Período documentado: 2020-06-01 hasta 2022-05-31

High Performance Computing (HPC) deals with the use of extremely powerful computers consisting of many thousands of processors to address huge computational problems and solve then in very short time. Computations required to design planes or cars, predict the weather next week or the climate next century, understand the properties of new materials, study the evolution of the universe or design new medicines fall in this category of applications. From this point of view, High-performance computing is a fundamental tool for the progress of science and engineering and as such for economic competitiveness.

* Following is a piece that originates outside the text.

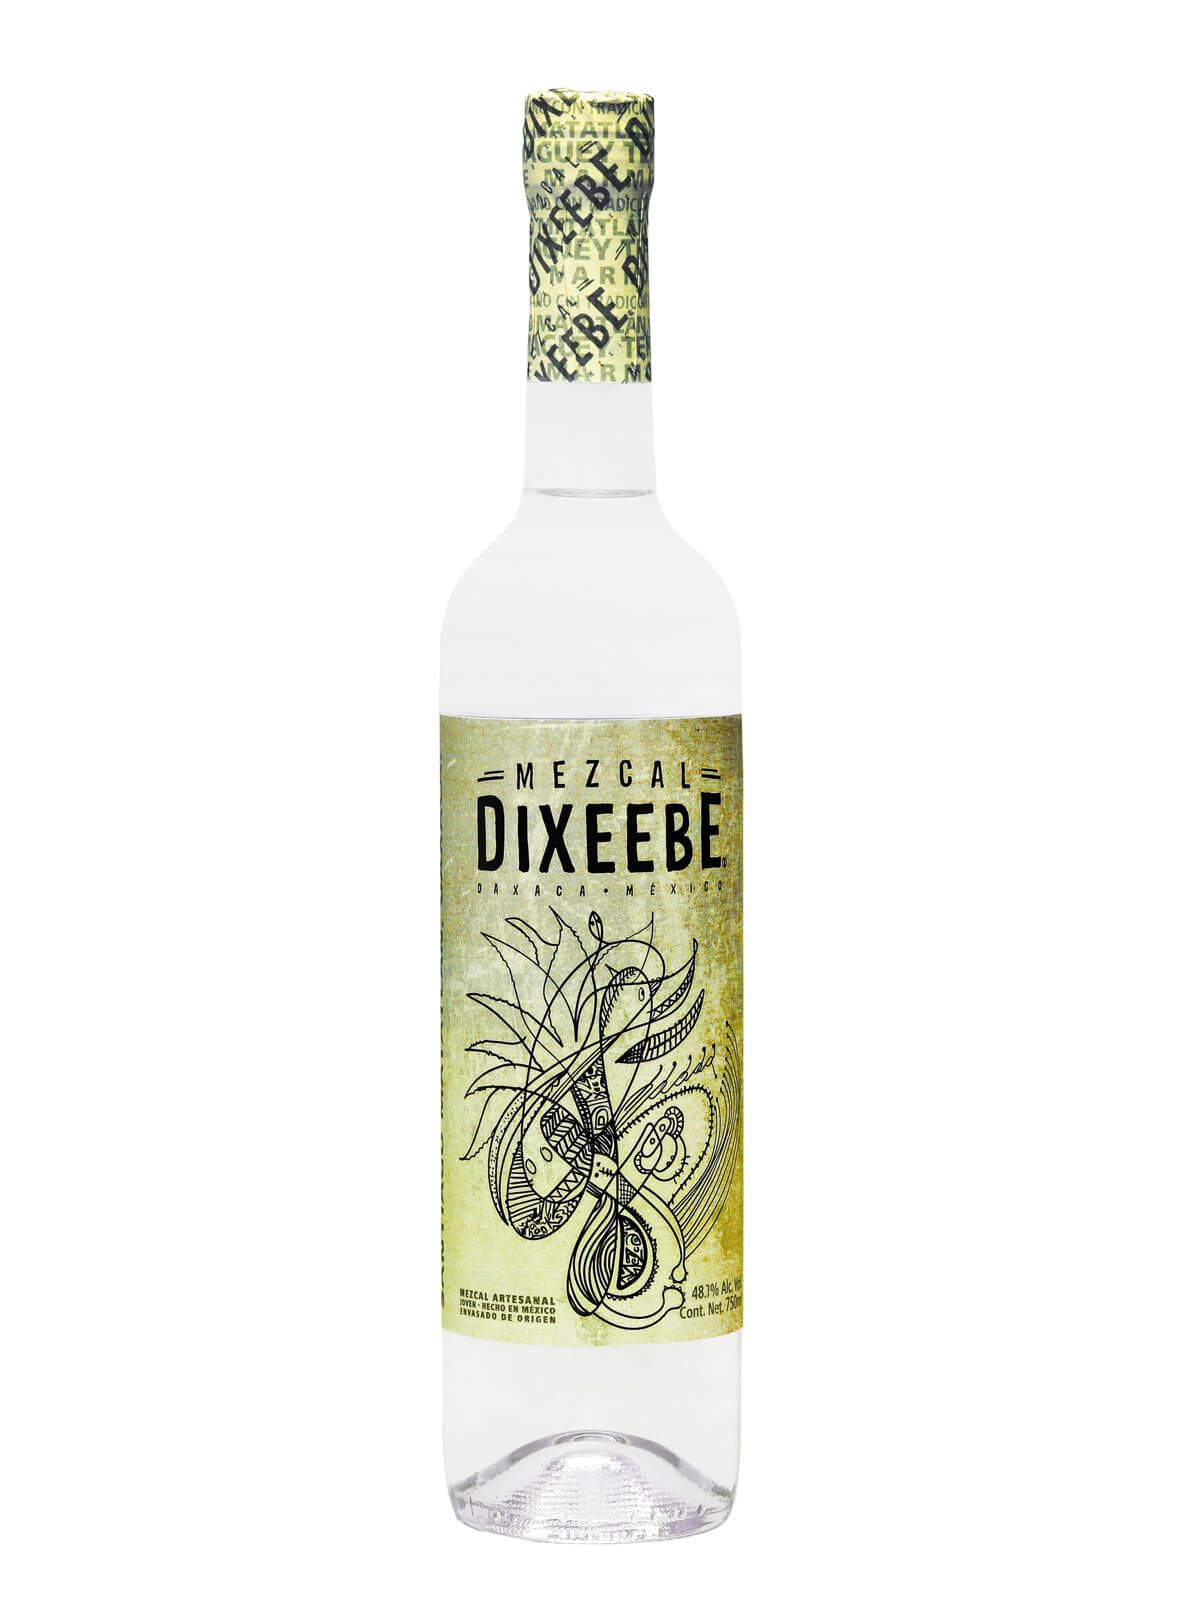 Mezcal Dixeebe Coyote bottle

The huge and growing complexity of the parallel computers used for this purpose leads to a situation where application developers and users are not always aware of the detailed issues affecting the performance of their applications. The result is often an inefficient use of these expensive and energy consuming infrastructures. As evidenced by the current crises, maximizing the efficiency in the usage of all kinds of resources is an objective that should be targeted at all levels of our activities as a society, including the efficiency in the use of our computing resources. Even in the cases where a need to get further performance and efficiency of our HPC platforms is perceived, code developers may not have enough insight on the detailed internal performance of the codes and machines to properly address the problem. This may lead to blind attempts to restructure codes in a way that may not be the most productive.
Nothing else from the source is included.